İşlerini severek yaptıklarını söyleyen Ahmet Kurdaş; "Hayat biraz sıkıcı ama alıştığımız için zor gelmiyor. 27 yıldır bu işi yapıyoruz. Buraya gaz lambasıyla başladık. Sonra akü geldi. Aküden güneş enerjisine geçtik. Şuan elektrik geldi. Televizyonumuz var. Buzdolabımız var. Eskisine göre bin kat iyi. 24 saat gözetleme yapıyoruz. Eşim en büyük yardımcım. Nöbetleşe kontrol ediyoruz. 'Sen bak, ben bak' diye bir şey yok. Kim boşta kalırsa gözetliyor. Sakarya, Kocaeli, Bolu, Bursa, Bilecik ve Sakarya'yı buradan görüyoruz. Hangi ilde yangını görürsek mıntıkayı ezberlediğimiz için hemen dürbünle bakıp bildiriyoruz. Yangın en çok eylül ekim ayında otların kuruduğu zamanda oluyor." diye konuştu.

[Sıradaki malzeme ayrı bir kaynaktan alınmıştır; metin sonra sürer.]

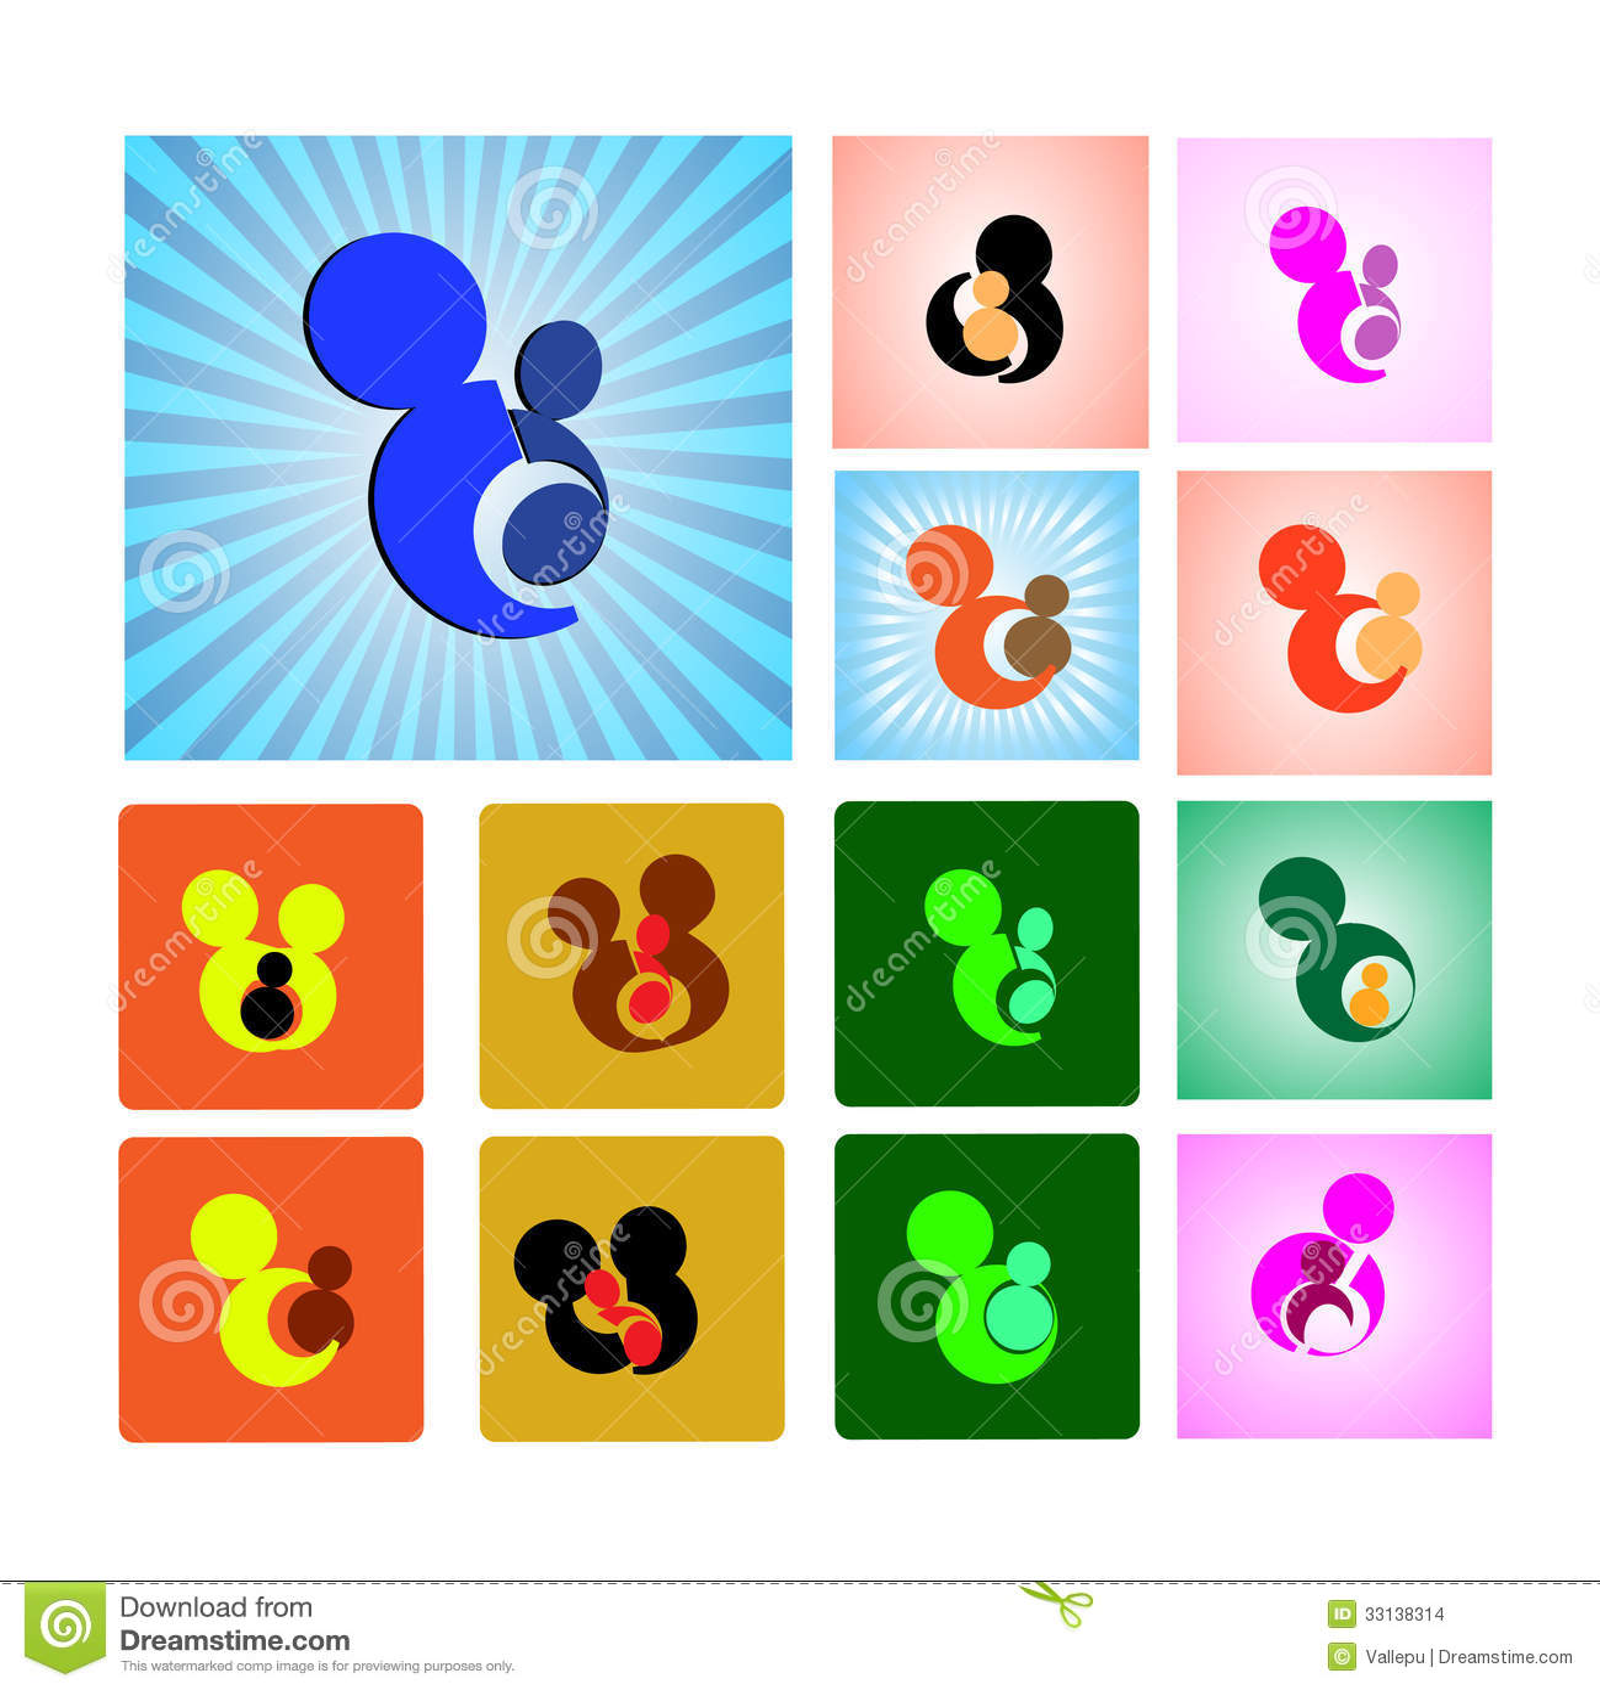 Sign Or Symbol Of Mother And Child Illustration 33138314 Megapixl

Nigar Kurdaş ise ormanın izlenmesinde eşine yardımcı olduğunu belirtiyor. Orman gözetlemenin dışında yemek ve temizlik işleriyle de uğraştığını anlatan üç çocuk annesi Kurdaş, şunları söyledi; "Beyime yardımcı oluyorum. Burada hayat çok güzel. Huzur buluyoruz. İşimiz iyi olduğu için memnunuz. Üç kızım var. Çocuklarımı annem babam sayesinde büyüttüm. Kuleye yazın çıkıyoruz. Kar kış oldu mu iniyoruz. Açık havada geziyoruz. Kapalı havada içeride duruyoruz. Televizyon izliyoruz."

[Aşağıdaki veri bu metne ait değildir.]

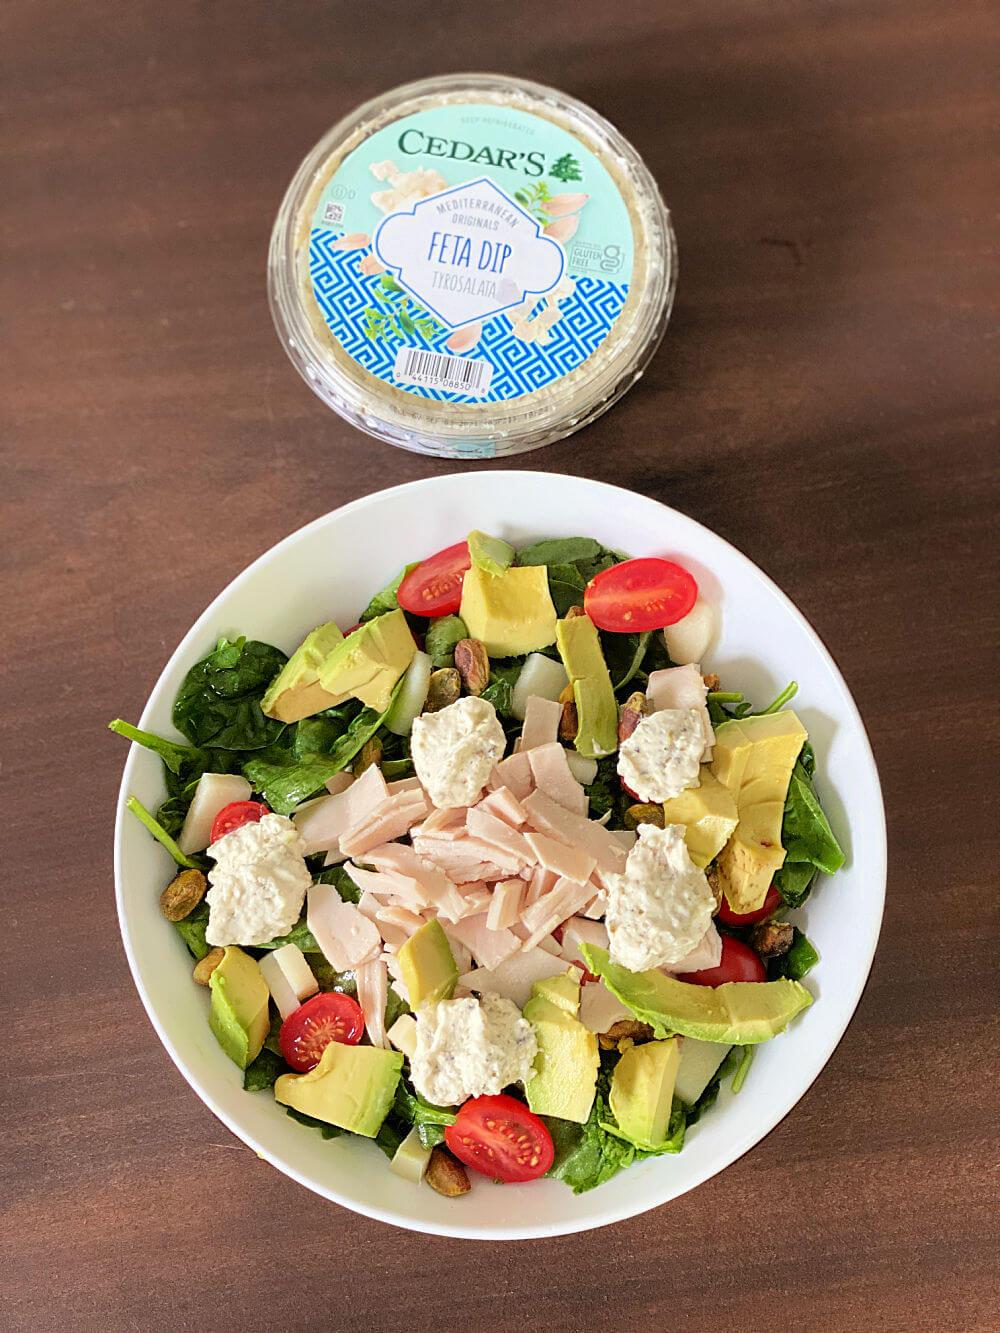 salad with cedar's feta dip

"KULELER HAYATİ ÖNEM TAŞIYOR"
Adapazarı Orman Bölge Müdürü Hasan Türkyılmaz da gözetleme kulelerinin, orman yangınlarının önceden tespit edilmesi için hayati önem taşıdığını kaydetti. Yangın sezonunun 1 Mayıs'ta başlayıp 30 Kasım'a kadar devam ettiğini dile getiren Türkyılmaz; "Bölgemizde 10 kulemizde yangına karşı hazırlıklarımızı tamamladık. Ekiplerimizi çıkarttık. Yangınla ilgili en önemli birimimiz 'kuleler' diye biliriz. Halk veya diğer görevliler yangını fark edene kadar geçecek zamanı kuleler yok ediyorlar. Çok geniş bir alanı görüyorlar. Dumanı hissettikleri anda daha yangın oluşmadan bize telsiz ve telefonlar aracılığıyla haber veriyorlar. Doğrudan müdahale imkanı veriyorlar. Daha önce suyun elektriğin ve yaşamın çok zor şartlarda çalışan görevlilerimiz son yıllarda devletin katkılarıyla güzel mekanlara kavuştu." dedi.

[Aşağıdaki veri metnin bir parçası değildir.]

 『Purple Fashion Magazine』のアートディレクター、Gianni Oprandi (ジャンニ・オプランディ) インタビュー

Ormanları yetiştirmekten daha önemli olan konunun ormanların muhafazası olduğunu vurgulayan Türkyılmaz, şunları kaydetti; "Muhafazaya en büyük zarar veren ise yangınla ilgili tehditler. Ülkemizde bugün kaçakçılık tehlike ve tehdit olmaktan çıktı. Yangınların ormanlar üzerindeki tehdidi devam ediyor.Yangın ihbarının ardından müdahale süremiz 15 dakika. Bu da Türkiye'nin dünyada yangınla mücadelede önde olduğu konudan birisi."